USAG — far too recently the subject of gauzy, hagiographic NBC fluff pieces — is credited with bringing the American women’s squad from its status in the Soviet days as terminal off-podium finishers to an era of truly awe-inspiring dominance (the U.S. women won the 2016 Olympic team gold by almost 10 full points). As Dvora Meyers has written in her seminal history of gymnastics scoring, “The End of the Perfect 10,” that era coincided with the refinement of Bela and Martha Karolyi’s “semi-centralized” method. Each national team member and her coach were summoned to a national training camp at the Karolyis’ Texas training center, known as “the Ranch,” once a month. Essentially, it was the closest American culture would allow to the old Eastern Bloc system of plucking promising gymnasts away from their families and spiriting them to a national facility from the age of 3.
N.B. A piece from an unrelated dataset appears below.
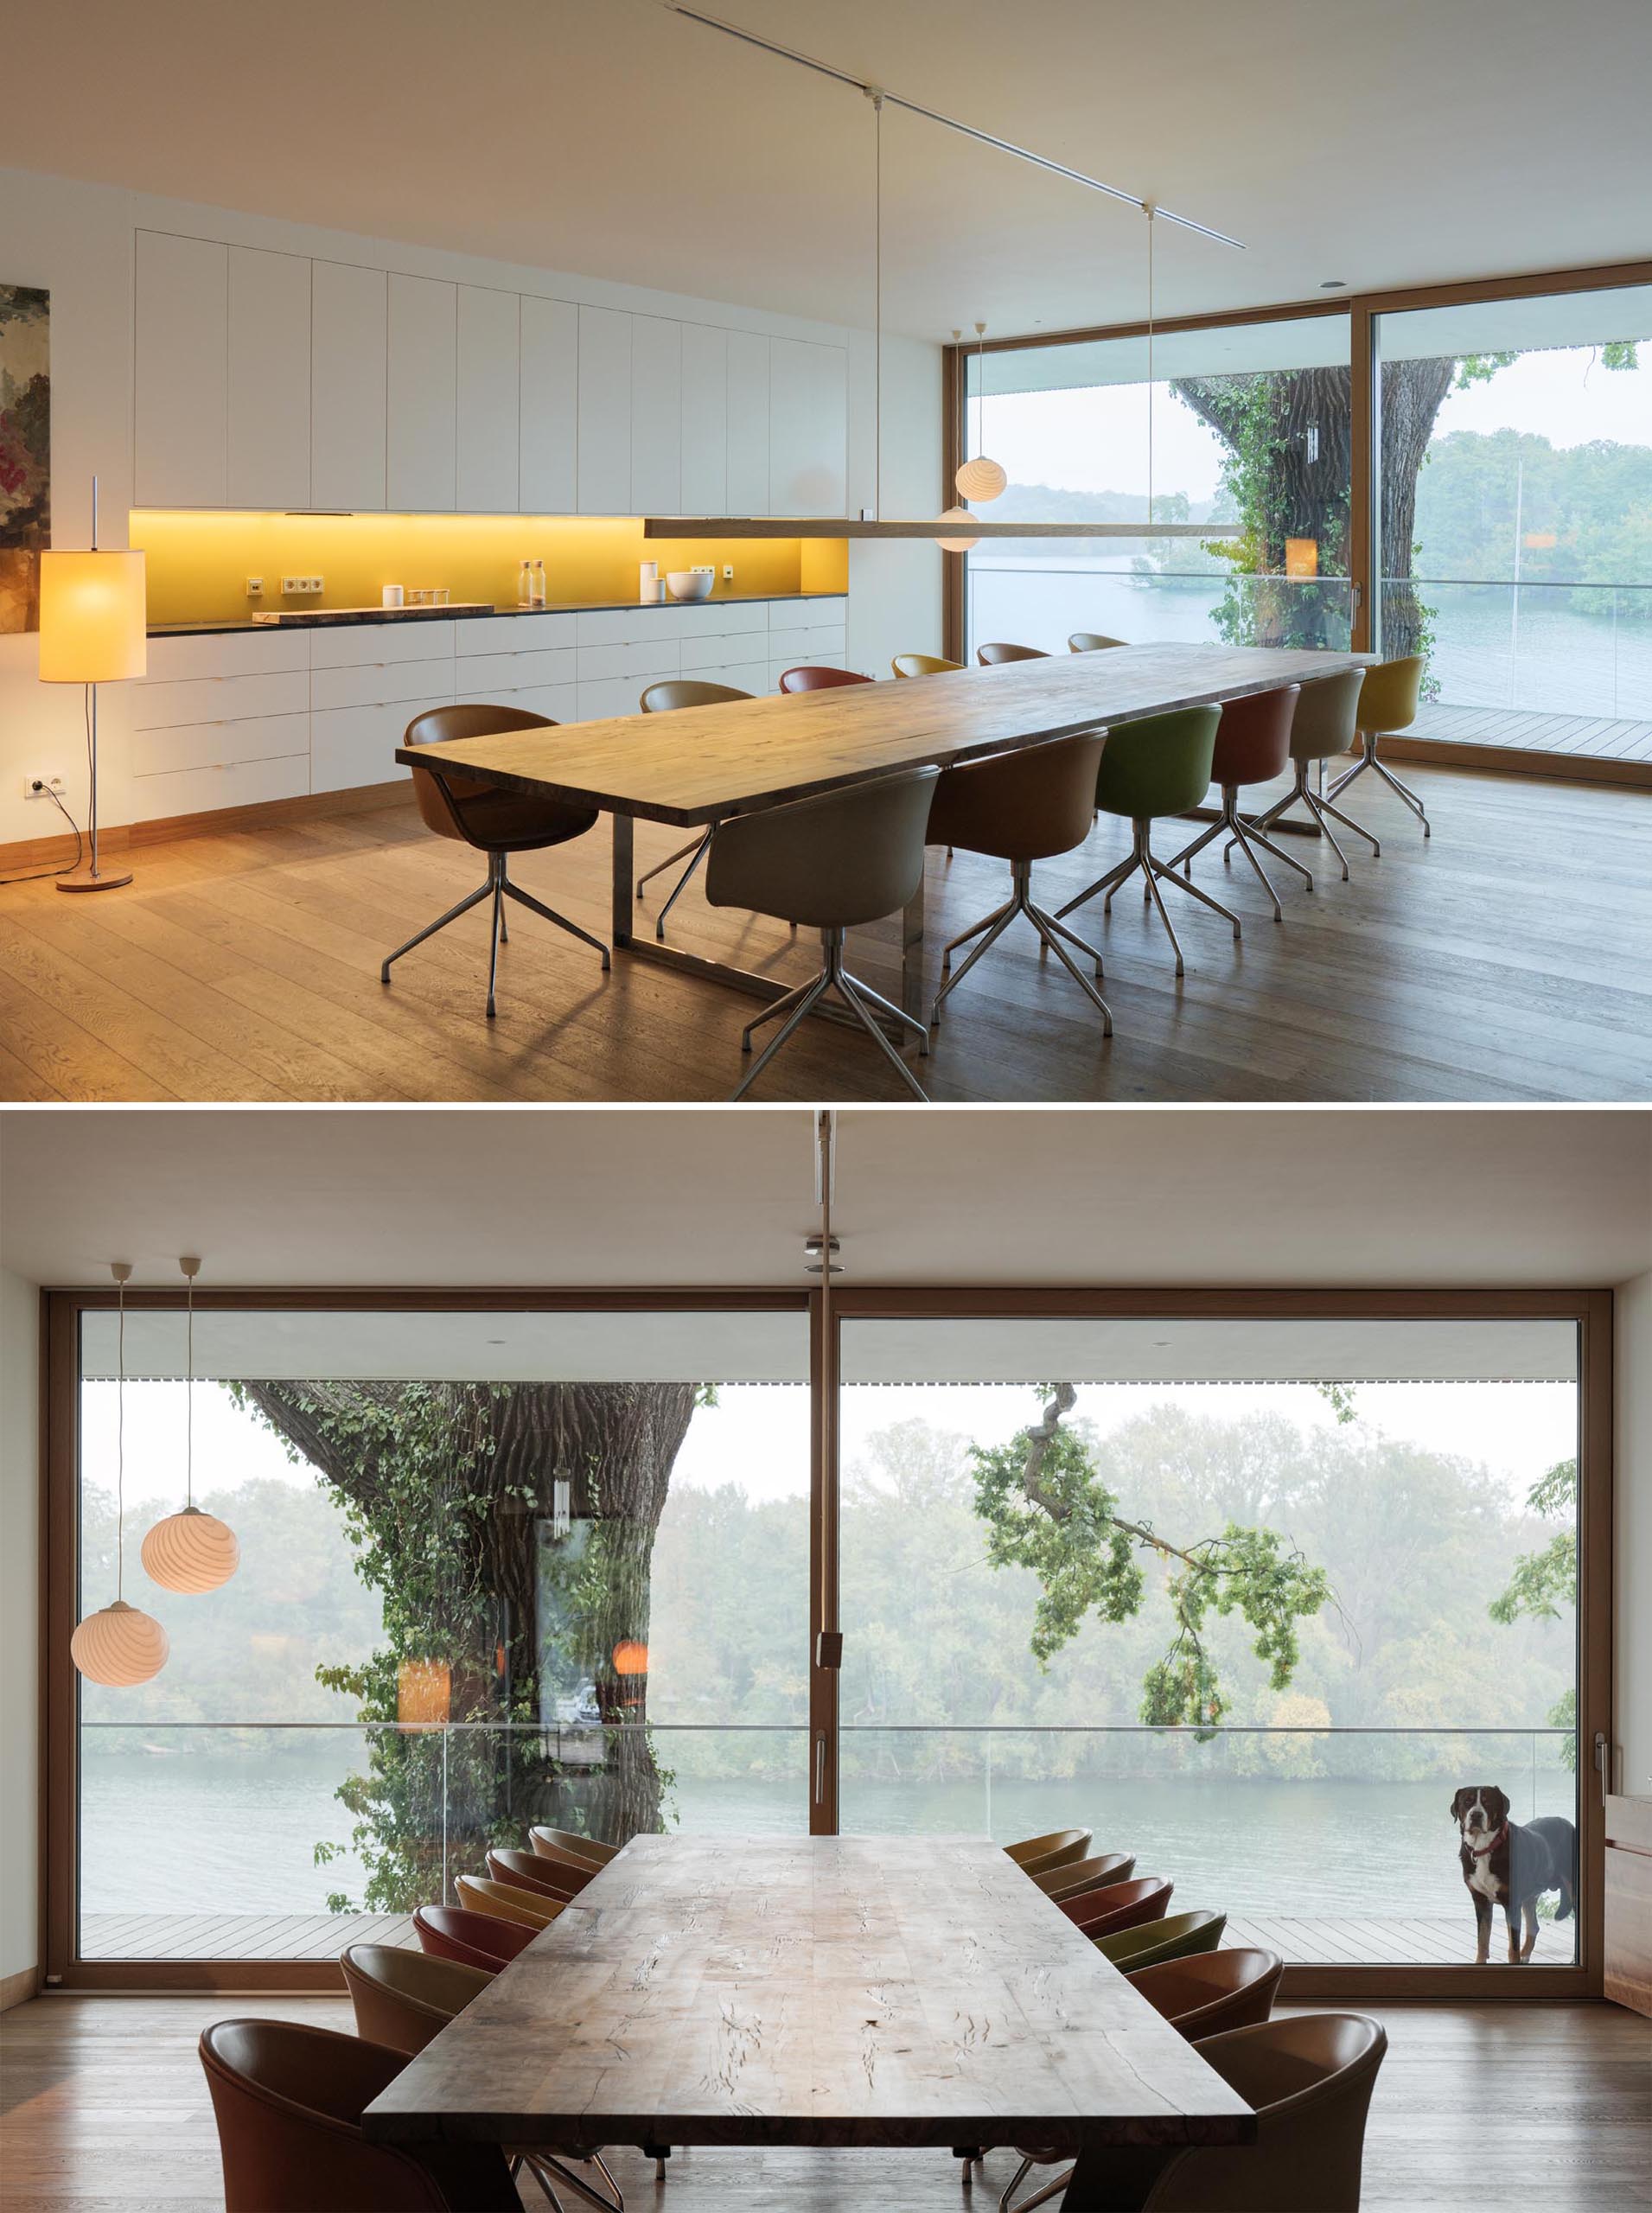 A modern dining room with an oversized wood table, matching minimalist pendant light, and colorful artwork.

Under that regime, the U.S. women’s team won 28 Olympic medals between 2004 and 2016, and a culture of abuse took hold, Meyers writes. As USAG looked on (and counted championships), Martha Karolyi reportedly ignored injuries, encouraged undereating and deprived athletes of adequate contact with their families. It was also the ideal environment for a predator such as Nassar, who became national team physician in 1996, two years after his first accusation of sexual assault was ignored. He continued his abuse for two decades, uninterrupted and unimpeded — most notably at the camps, where he cultivated a warm “buddy” and “confidant” reputation — sneaking the gymnasts treats, for example, to groom, confuse and silence these young women.
The sport’s governing body not only failed to report Nassar to law enforcement but — as an October lawsuit by 2000 Olympian Tasha Schwikert says — initially responded to the eventual 2014 investigation of Nassar in a manner as botched and unprofessional as it was disingenuous, and in some instances criminal. Schwikert claims that Penny asked her to vouch for USAG and even had her sign a predrafted statement that said, “I firmly believe USA Gymnastics always had my health and well-being top of mind.” The evidence-tampering charges against Penny — that he sought to have damning documents removed from the Karolyis’ facility — also point to an active coverup.
As much the plaintiffs deserve financial compensation, a simple payoff does not constitute a “full and final” resolution. The survivors are also owed due process. They are owed a legal decision that codifies and affirms the truth of what happened: Obsessed with the mounting medal count, the organization that was supposed to be their voice dismissed the mounting evidence against the predator in their midst and then tried to hide its role in this stomach-churning behavior.
Still, USAG has a chance to make it right. If the Chapter 11 process is completed swiftly — without a concerted effort to pay off the survivors with settlements as part of the bankruptcy proceedings — then the litigations, including the crucial discovery process, can resume. Then the organization can finally bear responsibility, in a court of law, for the woeful dereliction of its most important duty: to act as protector and advocate for the hundreds of thousands of young athletes made vulnerable by the very system it created. Then, and only then, will USA Gymnastics even begin to rebuild itself from the only kind of bankruptcy that really matters.